Kalla berujar, kalaupun ada, perda itu sudah sampai ke pemerintah pusat. Namun, sampai saat ini, pemerintah tidak pernah mendapat beleid yang diinisiasi Presiden Gereka Injili di Indonesia (GIDI) tersebut.
"Perda itu prosesnya dari kabupaten ke Gubernur, kemudian disahkan oleh pemerintah pusat lewat Mendagri. Kalau tidak disahkan, ya tidak berlaku," tuturnya. "Ya buktinya kan di sana ada masjid, musala. Artinya, perda itu tak pernah ada."
Sebelumnya, Direktur Jenderal Politik dan Pemerintahan Umum Kementerian Dalam Negeri Soedarmo mengatakan ada peraturan daerah yang mengatur larangan pembangunan rumah ibadah di Tolikara. Peraturan itu telah disetujui Bupati Usman Wanimbo dan Dewan Perwakilan Rakyat Daerah Tolikara. Namun perda tersebut tak pernah sampai ke pemerintah pusat.

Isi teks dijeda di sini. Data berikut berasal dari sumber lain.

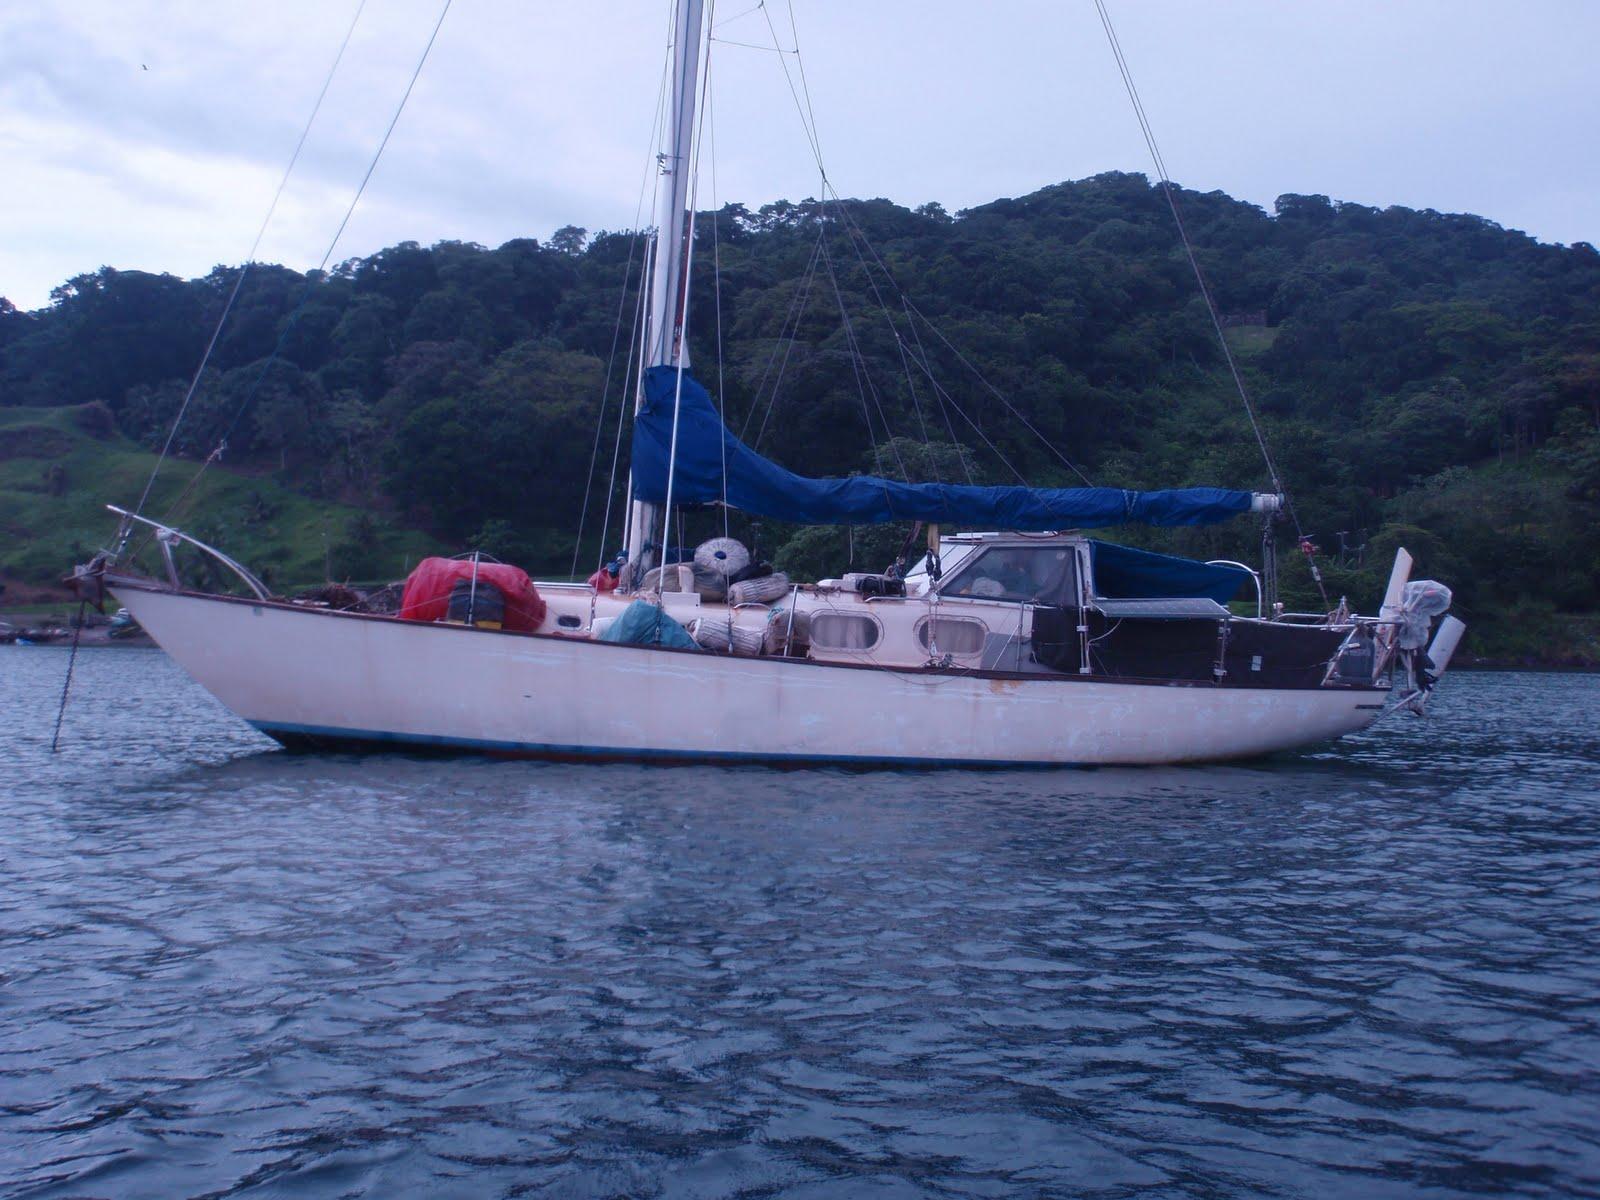 Sailing a Pearson Alberg 35: Sailing the San Blas

Perda tersebut dijadikan dasar hukum bagi GIDI untuk menerbitkan surat edaran pada 11 Juli 2015. Surat edaran tersebut melarang pelaksanaan ibadah salat Idul Fitri di Tolikara dan umat Islam menggunakan jilbab. Surat ini diduga menjadi penyebab kericuhan di Tolikara saat hari raya Idul Fitri lalu.

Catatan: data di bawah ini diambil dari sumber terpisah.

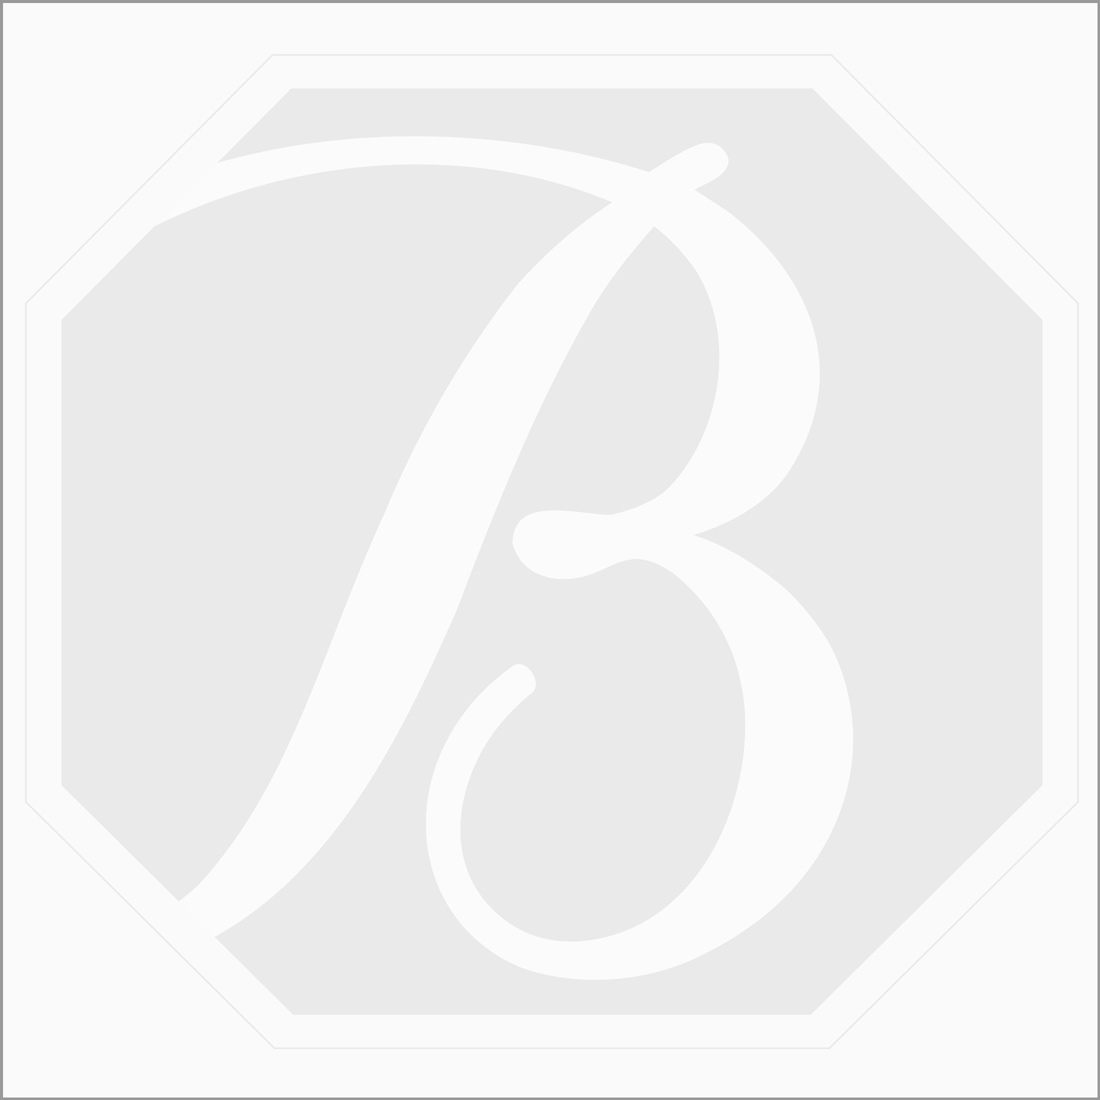 2 pcs - Dark Green Tourmaline Rose Cuts - 9.62 ct. - 14 x 12.5 x 3.5 mm & 14.7 x 12.7 x 3.7 mm (TRC1046)

Penyerangan yang terjadi bertepatan dengan Idul Fitri itu berawal dari protes jemaat Gidi terhadap penyelenggaraan salat id di lapangan Markas Komando Rayon Militer, Distrik Karubaga, Tolikara. Lapangan tersebut berdekatan dengan permukiman warga, kios, Masjid Baitul Muttaqin, dan gereja. Saat itu jemaat Gidi--jemaat Kristen mayoritas di Tolikara--tengah menyelenggarakan kebaktian kebangunan rohani.
Kalla mengatakan, untuk meminimalkan adanya perda ilegal seperti di Tolikara itu, dia memerintahkan Kementerian Dalam Negeri mengecek semua perda di setiap daerah. "Kalau tidak sesuai dengan NKRI, ya harus dicabut," ujarnya.